Going through the general structure of this file, we first have our initialised and log file path(s).

The initialised path typically contains an initialised file which the ETL uses as a marker for whether it needs to perform an incremental, or a full load of data. The file is only generated by the ETL service after it has run. When the file is not present, the ETL understands that it will clear down the SQLite tables and restart the data load from scratch.

In a typical installation of Intuitive, the initialised file is not present, and therefore the first time the ETL starts, it will collect all available information and compile it into the associated SQLite tables. Thereafter, it will load incrementally based on that files’ presence.

The log files path is a key area for troubleshooting, where it detail any information, warnings or errors relating to the core Intuitive software applications, such as the ETL, Dashboard Service, Server Tool and so on.

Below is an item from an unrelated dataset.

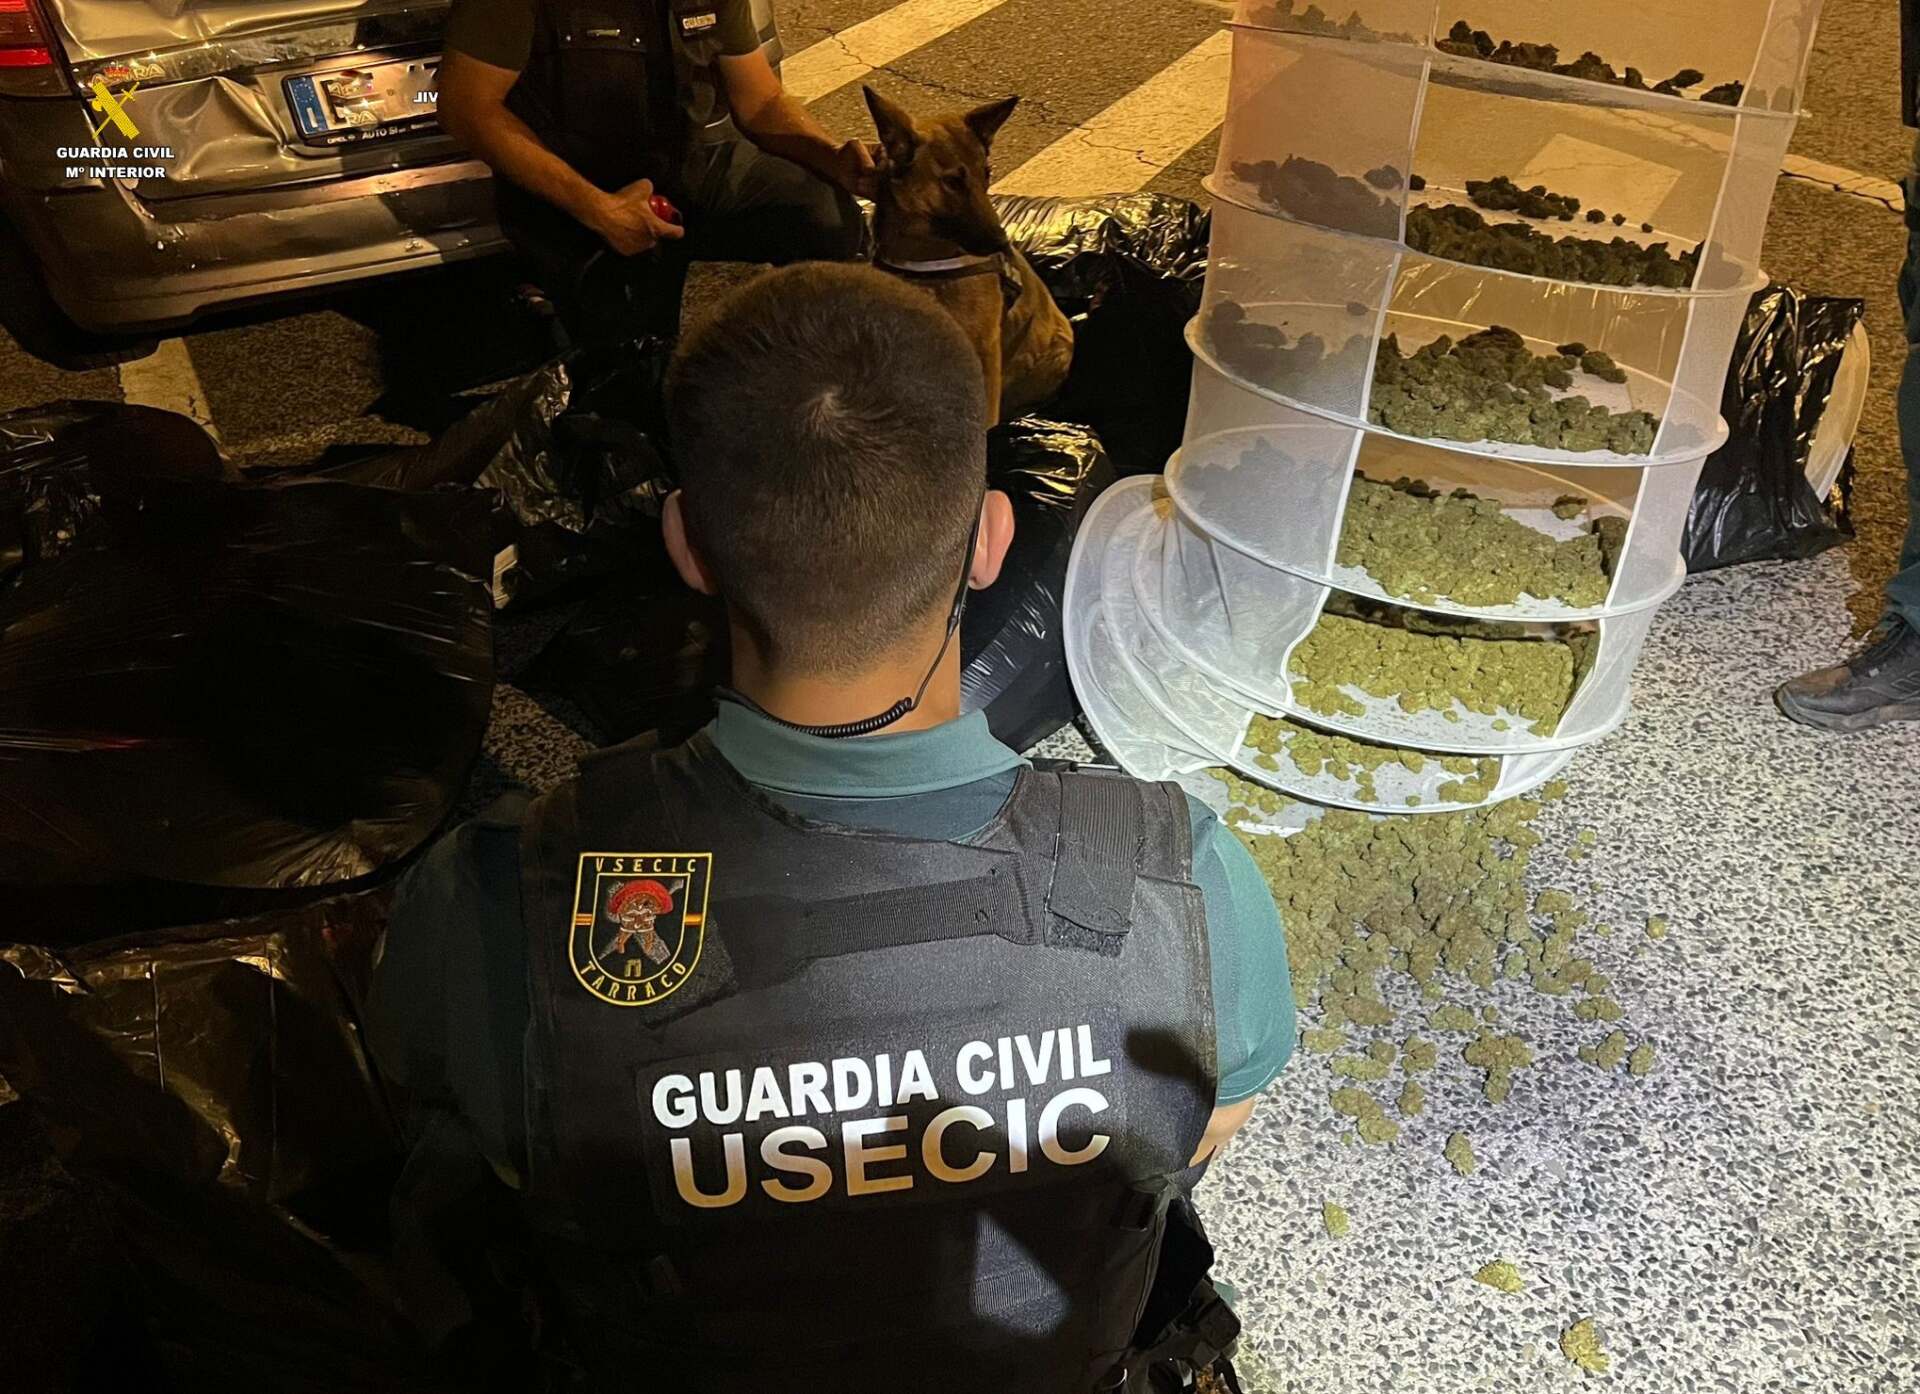 Fotos: Troben més de 20 quilos de marihuana dins d’un cotxe en un control a Catalunya

Next up is the location of the SQLite database, and any associated scripts.

This location for the SQLite is just a single network path. As SQLite is just a file, it does not have an associated instance or service name, such as SQL Server. The file itself is usually quite lightweight, with some enterprise customers performing millions of jobs per year only reaching up to 5-10 GB in size over 2-3 years. Typically, most SQLite databases are under 5 GB at most.

SAFEQ6’s table structure compromises of four key tables. Of these four, three are the raw data from SAFEQ6, with the last table being the staging area of the compiled data.

Starting with the first table, this is named “Raw_SafeQ_Data”. As such, it’s the raw sample of data that we collect from SAFEQ6. This data is collected via an ODBC script, configured from the installation wizard, that captures that information from a target PostgreSQL or SQL Server database.

The below screenshot illustrates a PostgreSQL implementation:

This capture of information is controlled through the script “Full Load.sql”. This script collects data from two key tables on the SAFEQ6 target database, SAFEQ_STATS and SAFEQ_STATS_FULL.

These two tables have an almost identical set of contents. However, the latter table contains the Document Names and File Type ID’s. The extra data in SAFEQ_STATS_FULL is ordinarily kept for 30 days, and then ‘moves’ to SAFEQ_STATS where it scrubs the document detail. Inside of the “Full Load” script, you’ll also find the costing table that soem customers may, or may not use for representing costs inside of the Intuitive dashboards. A key is provided in this script, but this table’s values allow users to either use the calculated costs from the SAFEQ6 solution, or to use Intuitive’s global click costs.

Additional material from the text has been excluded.